GroupDocs.Parser for Java 20.1 Release Notes

This page contains release notes for GroupDocs.Parser for Java 20.1.

In this version legacy API was removed (all types from com.groupdocs.parser.legacy package were removed).

Major Features

There are the following features in this release:

Legacy API was removed (com.groupdocs.parser.legacy package)
Implement the ability to extract a text by table of contents item
Implement the ability to extract table of contents from PDF and Word Processing documents
Implement the ability to extract the image in a different format
Implement the ability to save the image to the file

Full List of Issues Covering all Changes in this Release

Key	Summary	Issue Type
PARSERNET-1342	Implement the ability to extract the image in a different format	New feature
PARSERNET-1341	Implement the ability to save the image to the file	New feature
PARSERNET-1361	Implement the ability to extract TOC from Word Processing documents	New feature
PARSERNET-1362	Implement the ability to extract TOC from PDF documents	New feature
PARSERNET-1363	Implement the ability to extract a text by TOC item	New feature
PARSERNET-1099	Remove obsolete members (com.groupdocs.parser.legacy package)	Improvement

Public API and Backward Incompatible Changes

This section lists public API changes that were introduced in GroupDocs.Parser for Java 20.1. It includes not only new and obsoleted public methods, but also a description of any changes in the behavior behind the scenes in GroupDocs.Parser which may affect existing code. Any behavior introduced that could be seen as a regression and modifies existing behavior is especially important and is documented here.

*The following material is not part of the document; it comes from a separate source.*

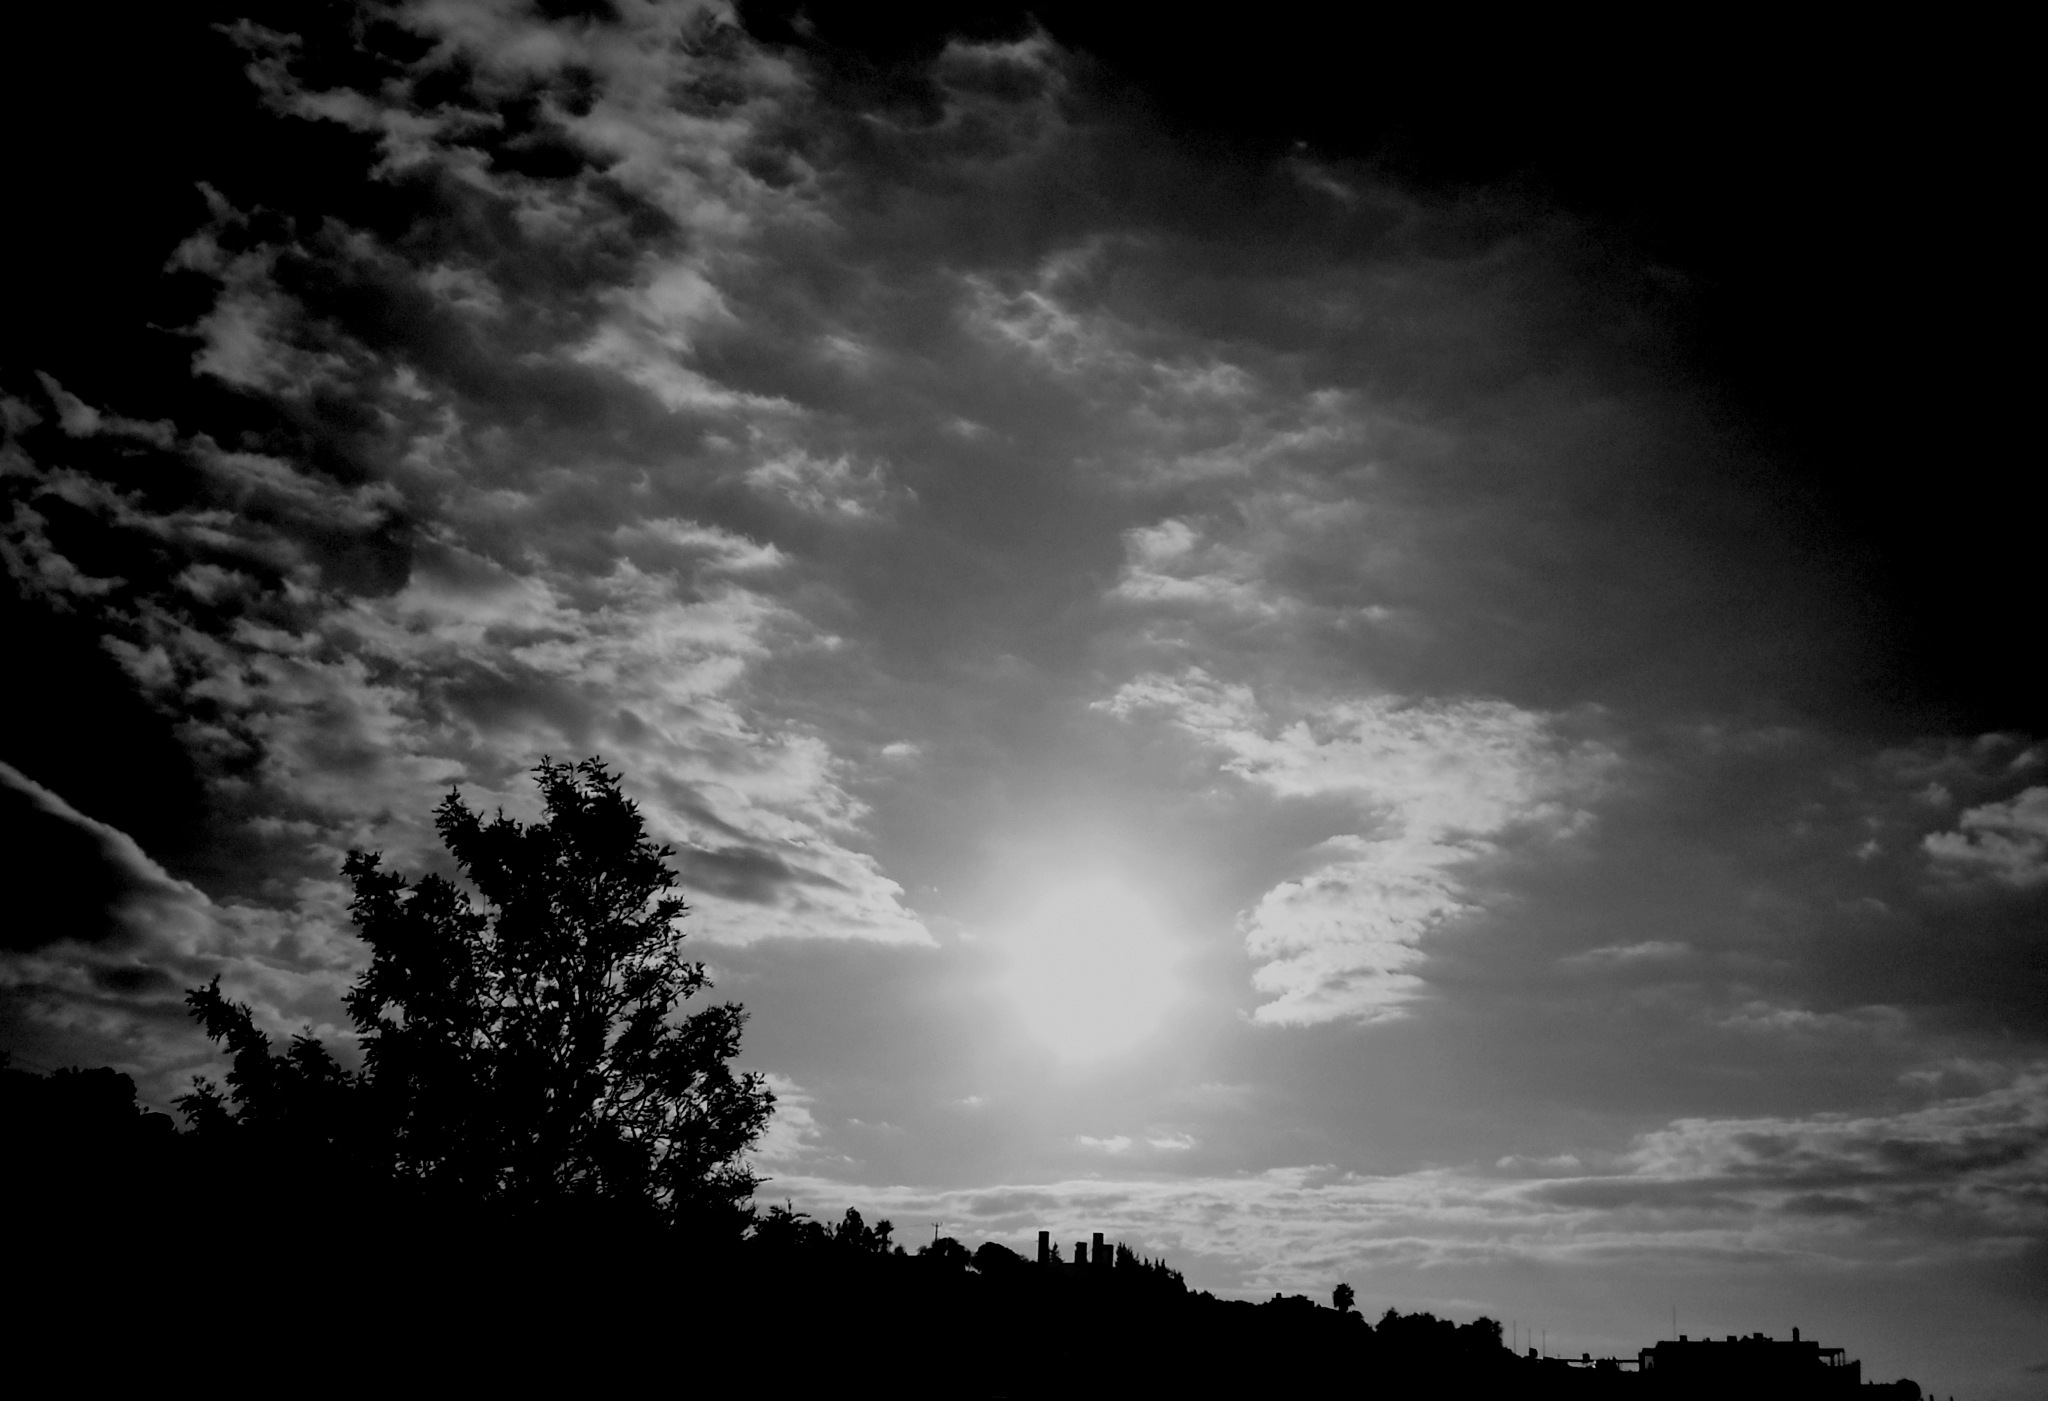 TALES OF 1001 NIGHTS 15, B&W, FULL SCREEN by Akin Saner

Implement the ability to save the image to the file

Description

This feature allows to extract the image to the file.

Public API changes

Added save methods to com.groupdocs.parser.data.PageImageArea class

Usage

The following example shows how to extract images to files:

// Create an instance of Parser class
try (Parser parser = new Parser(Constants.SampleZip)) {
    // Extract images from document
    Iterable<PageImageArea> images = parser.getImages();
    // Check if images extraction is supported
    if (images == null) {
        System.out.println("Page images extraction isn't supported");
        return;
    }
    // Create the options to save images in PNG format
    ImageOptions options = new ImageOptions(ImageFormat.Png);
    int imageNumber = 0;
    // Iterate over images
    for (PageImageArea image : images)
    {
        // Save the image to the png file
        image.save(Constants.getOutputFilePath(String.format("%d.png", imageNumber)), options);
        imageNumber++;
    }
}

Implement the ability to extract the image in a different format

Description

This feature allows to extract images in different formats.

Public API changes

Added getImageStream(ImageOptions) method to com.groupdocs.parser.data.PageImageArea class
Added ImageOptions class in** com.groupdocs.parser.options** package
Added ImageFormat enum in com.groupdocs.parser.options package

Usage

getImageStream(ImageOptions) method is used to extract the image in a different format.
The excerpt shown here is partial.